Client-asset safeguarding · MiCA rules
Safeguarding Client Crypto-Assets and Funds Under MiCA
A firm tells itself it does not 'do custody', so the safeguarding rules are someone else's problem. If it holds a single client's balance, they are its problem. This is the MiCA duty every CASP carries.
Safeguarding client crypto-assets and funds is the MiCA obligation, set in the client-asset safeguarding rule, that applies to any crypto-asset service provider holding clients' crypto-assets or funds — requiring segregation from the provider's own assets, protection of clients' ownership rights including in insolvency, and a prohibition on using client holdings for the provider's own account.
Quick facts
| Parameter | Value |
|---|---|
| What the rule covers | Any CASP that holds clients' crypto-assets or funds — not only firms offering a custody service |
| Core duty | Safeguard clients' ownership rights, especially against the CASP's own insolvency |
| Segregation | Client holdings must be kept separate from the CASP's own crypto-assets and funds |
| Own-account ban | A CASP must not use clients' crypto-assets or funds for its own account |
| Client funds | Funds that are not e-money tokens must be placed with a central bank or a credit institution promptly |
| Distinct from custody | the custody-service rulebook governs the custody service itself; the client-asset safeguarding rule is the cross-cutting client-asset rule for all CASPs |
| Why it matters | An exchange or broker holding client balances is in scope even without offering custody |
The safeguarding duty every CASP carries
There is a quiet assumption that does real damage.
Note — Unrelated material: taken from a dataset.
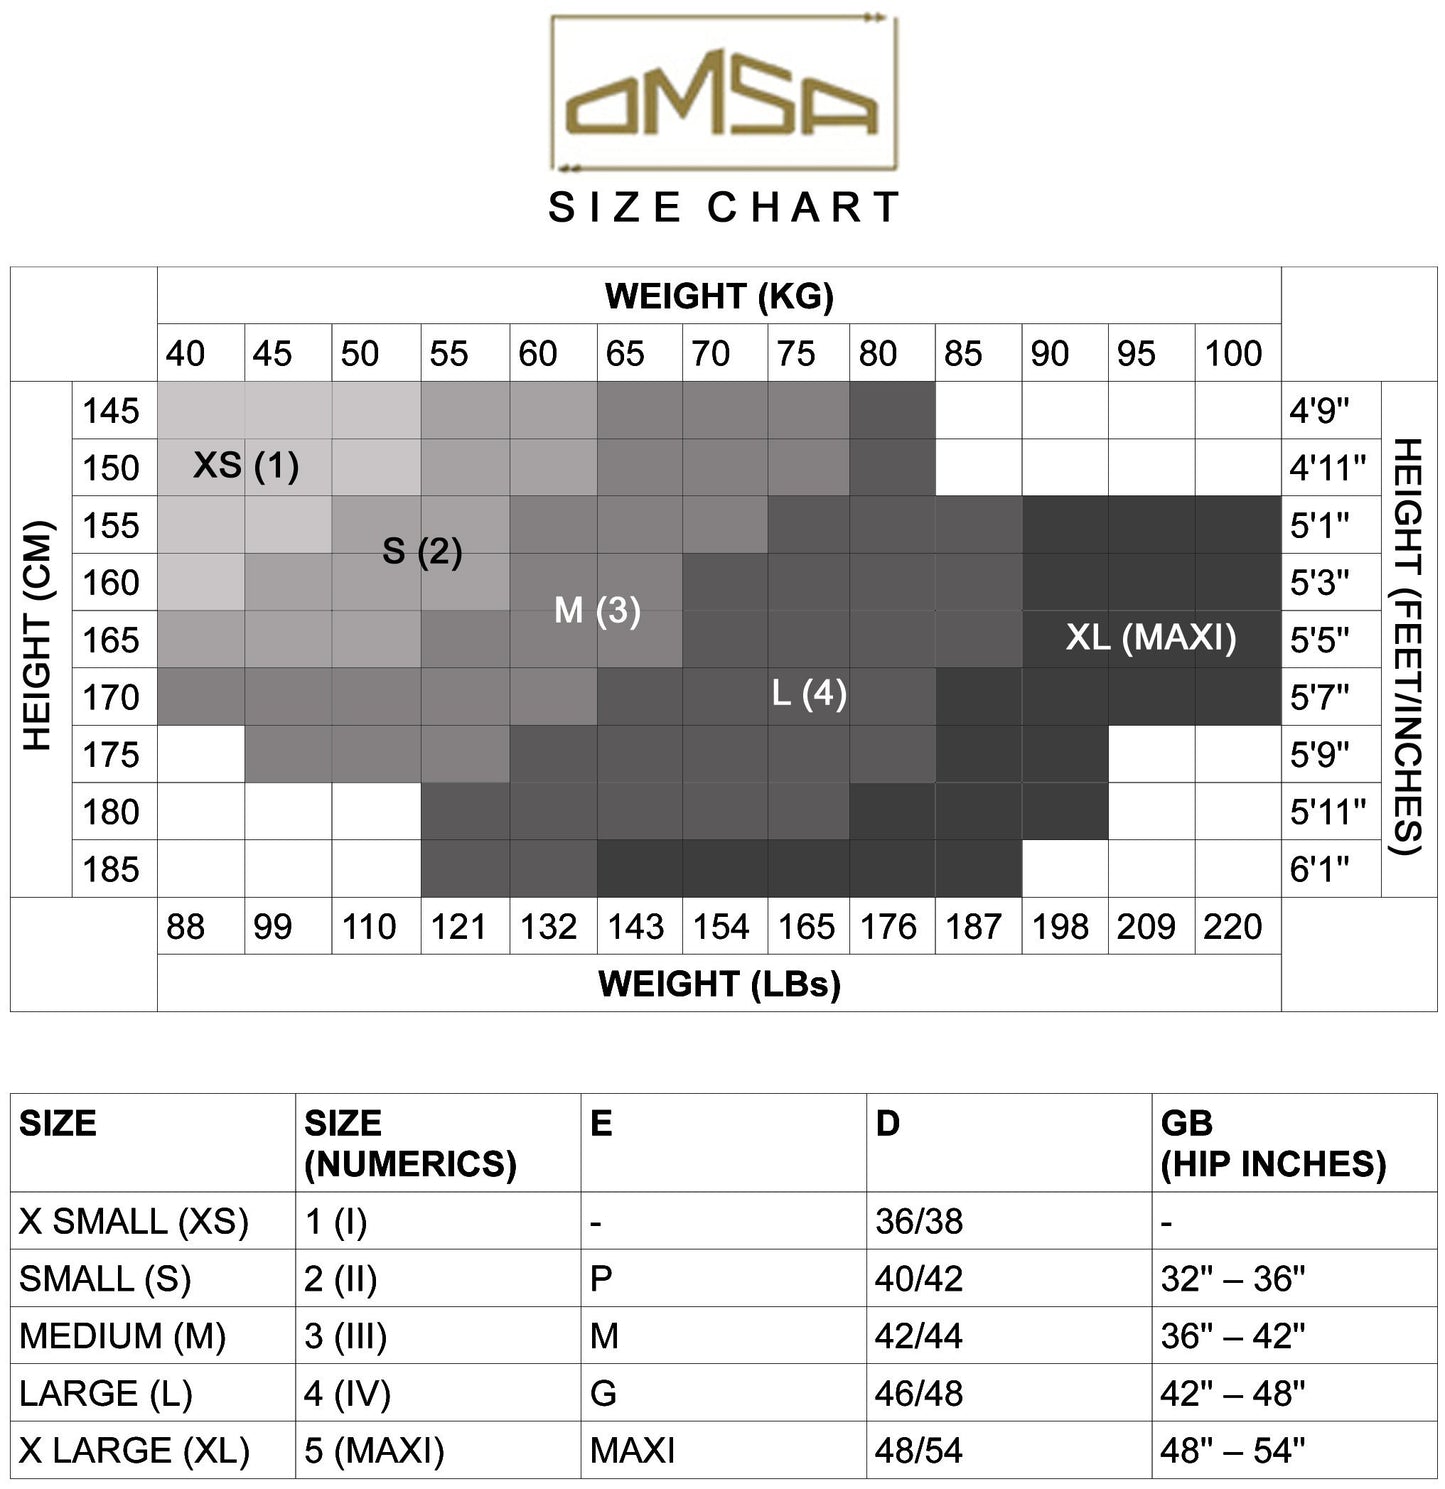 Omsa size chart

A firm decides it is “an exchange, not a custodian,” or “a broker, not a custodian,” and concludes that the rules about protecting client assets belong to somebody else. It then designs its wallets and accounts without those rules in mind.
MiCA does not let that assumption stand. The client-asset safeguarding rule — the obligation to safeguard clients’ crypto-assets and funds — is not switched on by calling yourself a custodian. It is switched on by holding clients’ crypto-assets or funds. Most CASPs do exactly that, somewhere in their model, and the client-asset safeguarding rule reaches all of them.
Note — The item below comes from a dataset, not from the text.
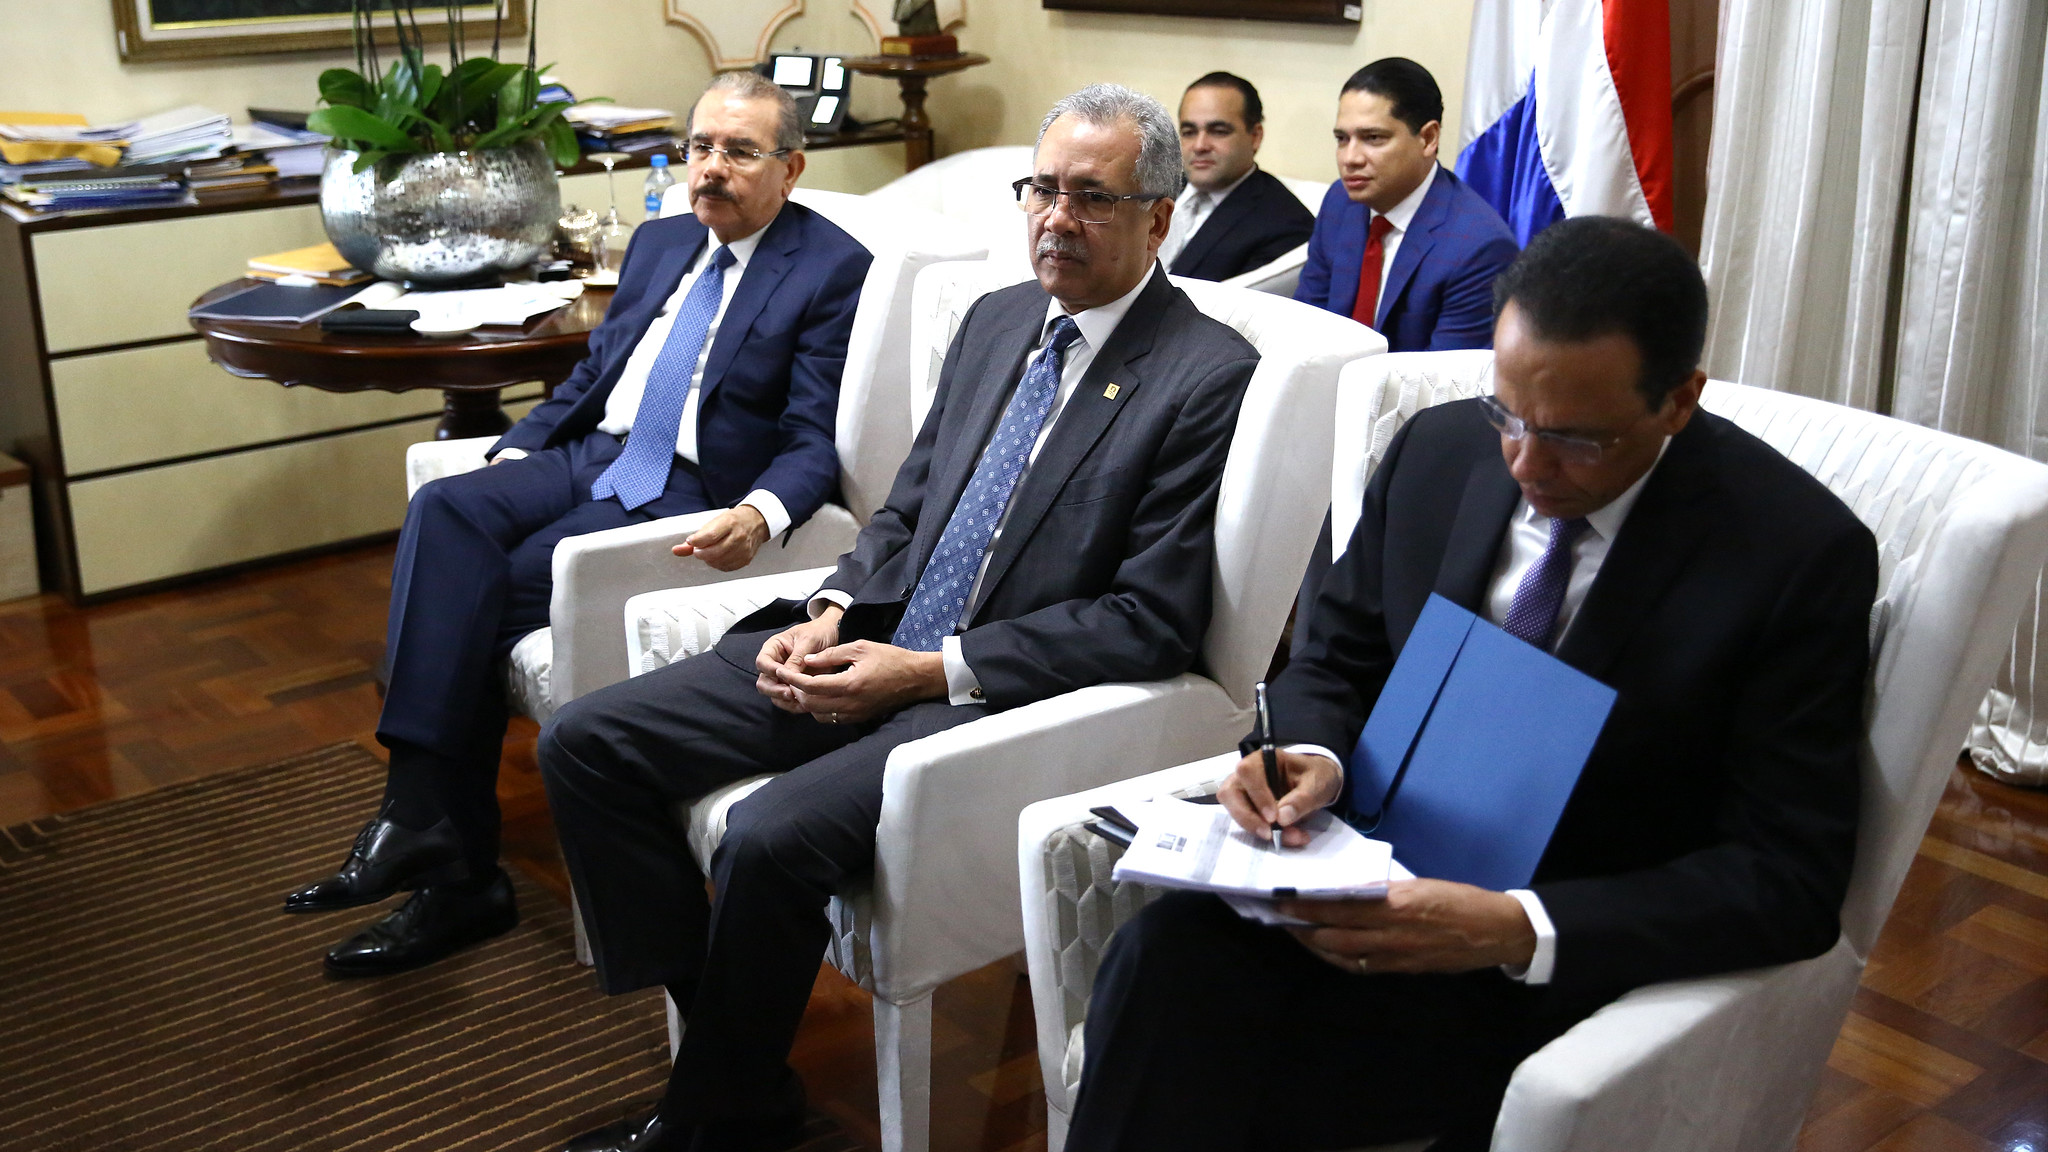 REPÚBLICA DOMINICANA: Presidente Danilo Medina recibe informe sobre avances construcciones edificaciones escolares

What the safeguarding duty requires
The client-asset safeguarding rule sets a safeguarding duty for any CASP that holds client crypto-assets or funds. Its core demands:
- Safeguard clients’ ownership rights — and do so specifically against the risk of the CASP’s own insolvency
- Segregate clients’ crypto-assets and funds from the CASP’s own holdings
- Do not use clients’ crypto-assets or funds for the CASP’s own account
- Hold and place client funds so that they are protected and identifiable
The throughline is simple: client assets belong to the client, in normal operation and — the part that gets skipped — when the firm fails. The client-asset safeguarding rule is written so that a CASP’s collapse does not become its clients’ loss.
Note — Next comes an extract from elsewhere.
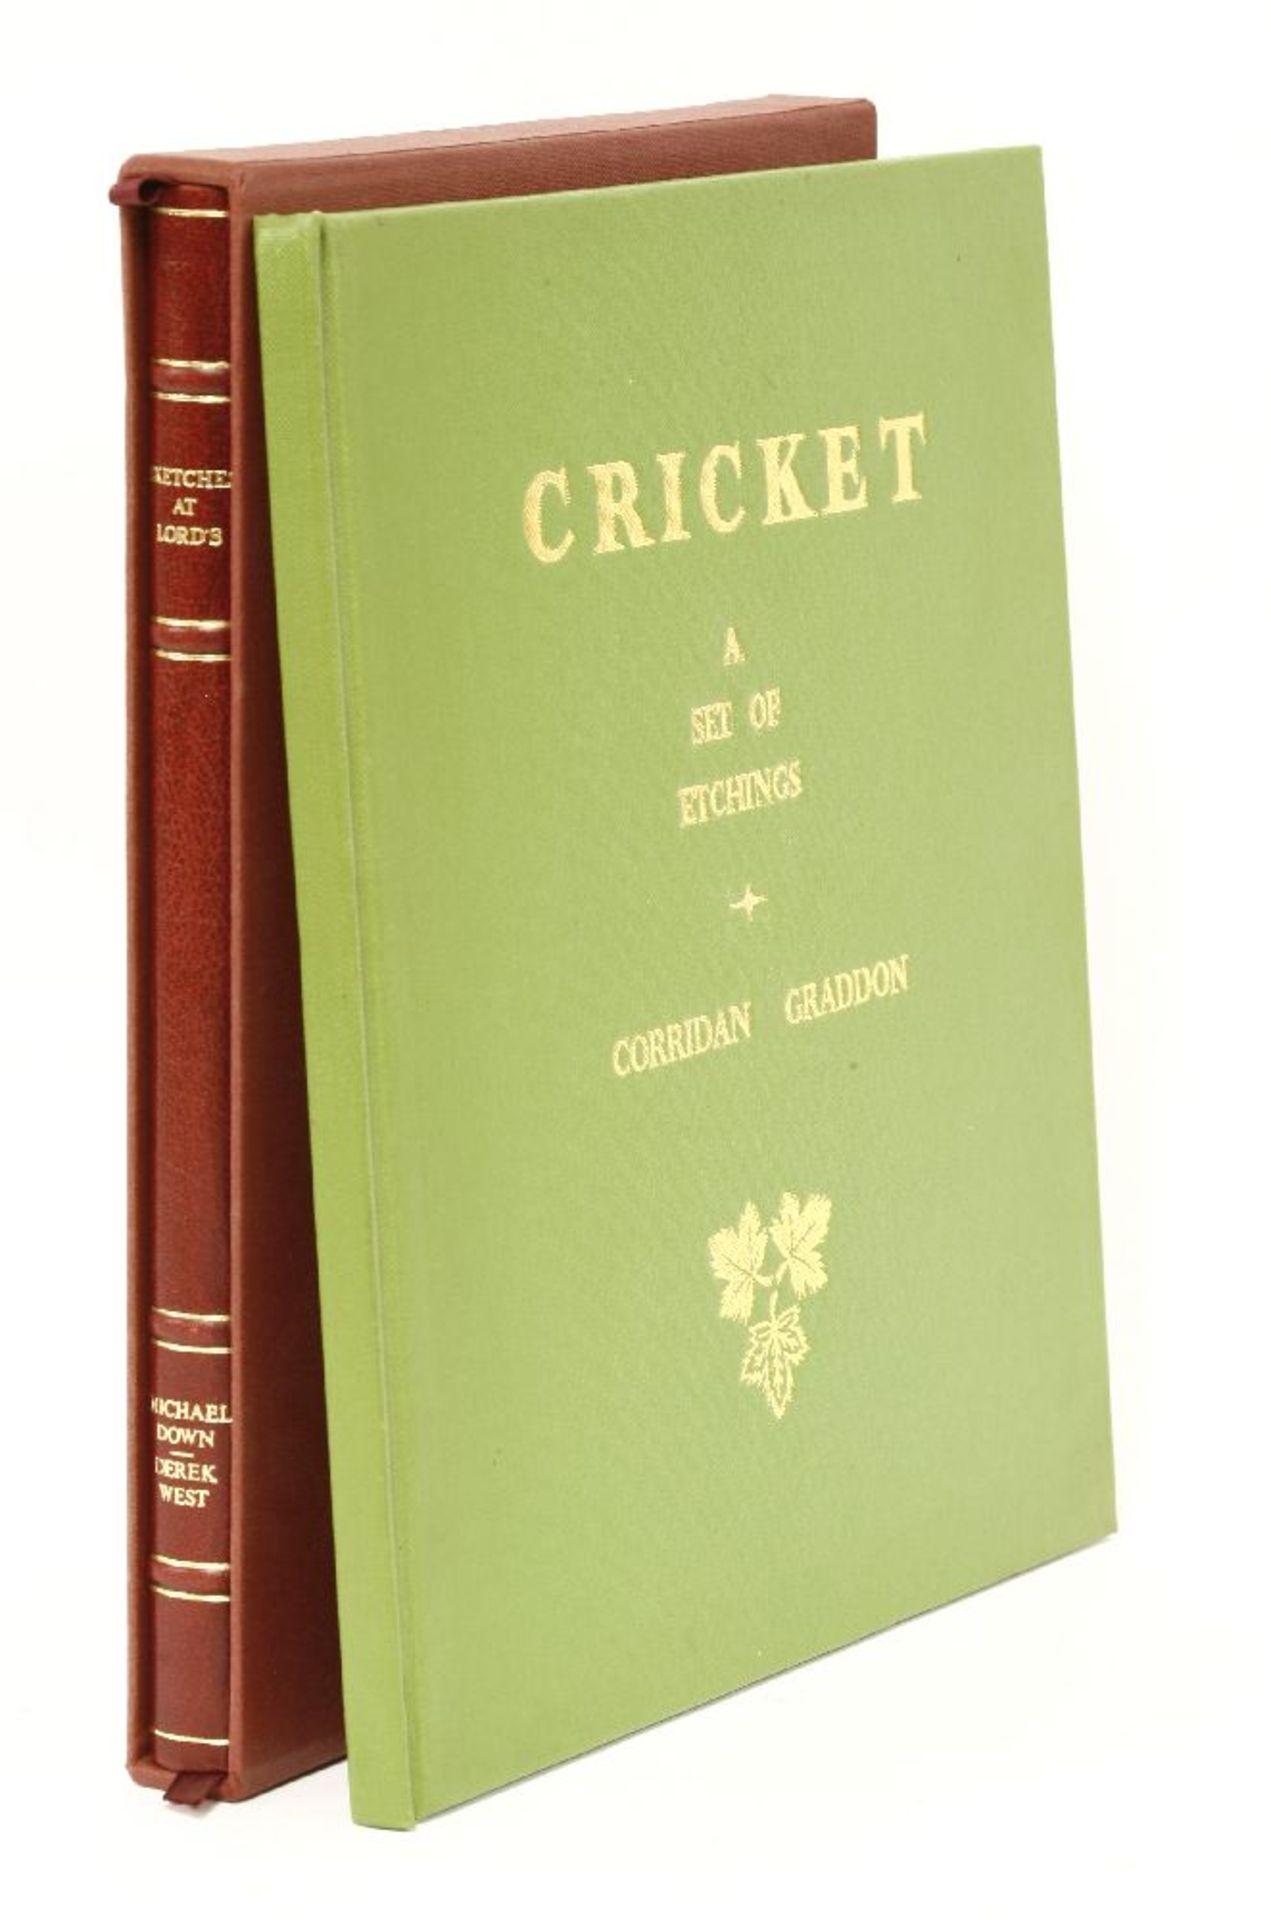 Cricket- Signed copies: 1- Graddon, Corridan: Cricket: A Set Of Etchings. Graddio Press, St. Albans,

Segregation: client assets are not the firm’s
Segregation is the operational heart of the rule. Clients’ crypto-assets and funds must be kept separate from the CASP’s own. Not labelled separately in a spreadsheet while sitting in the same place — actually separate.
For crypto-assets, that means client holdings are not commingled with the firm’s proprietary holdings. For funds, it means client money is not pooled into the firm’s operating accounts. The test that matters is identification: if a regulator, an administrator, or a client asked “which of these assets are the clients’?”, the answer has to be clean and immediate. A structure where that question is hard to answer is a structure that fails the client-asset safeguarding rule — and fails it precisely when the answer is needed most.
Client funds get bank or central-bank protection
MiCA treats client funds — money, as opposed to crypto-assets — with particular care. Funds that are not e-money tokens have to be placed, promptly, with a central bank or a credit institution, under arrangements that keep them protected and stop them being used for the CASP’s own account.
The logic is the same one that governs client money across regulated finance: a CASP is not a safe place to leave pooled client cash on its own balance sheet, so the cash is moved to an institution that is. A firm that holds client funds loosely, or treats the float as a convenient source of liquidity, is on the wrong side of this requirement.
How this differs from the custody rules
It is worth being precise, because two MiCA provisions are easy to blur.
The custody-service rulebook governs the custody and administration of crypto-assets on behalf of clients — the custody service. It is one of the crypto-asset services a CASP can be authorised for, and it has its own operational rulebook: a custody policy, a register of positions, liability for losses.
The client-asset safeguarding rule is broader. It is the cross-cutting safeguarding duty that applies to any CASP holding client crypto-assets or funds, whatever services it offers. A firm authorised for the custody service is subject to both. A firm that never offers custody — an exchange, a broker — is still subject to The client-asset safeguarding rule the moment it holds a client balance.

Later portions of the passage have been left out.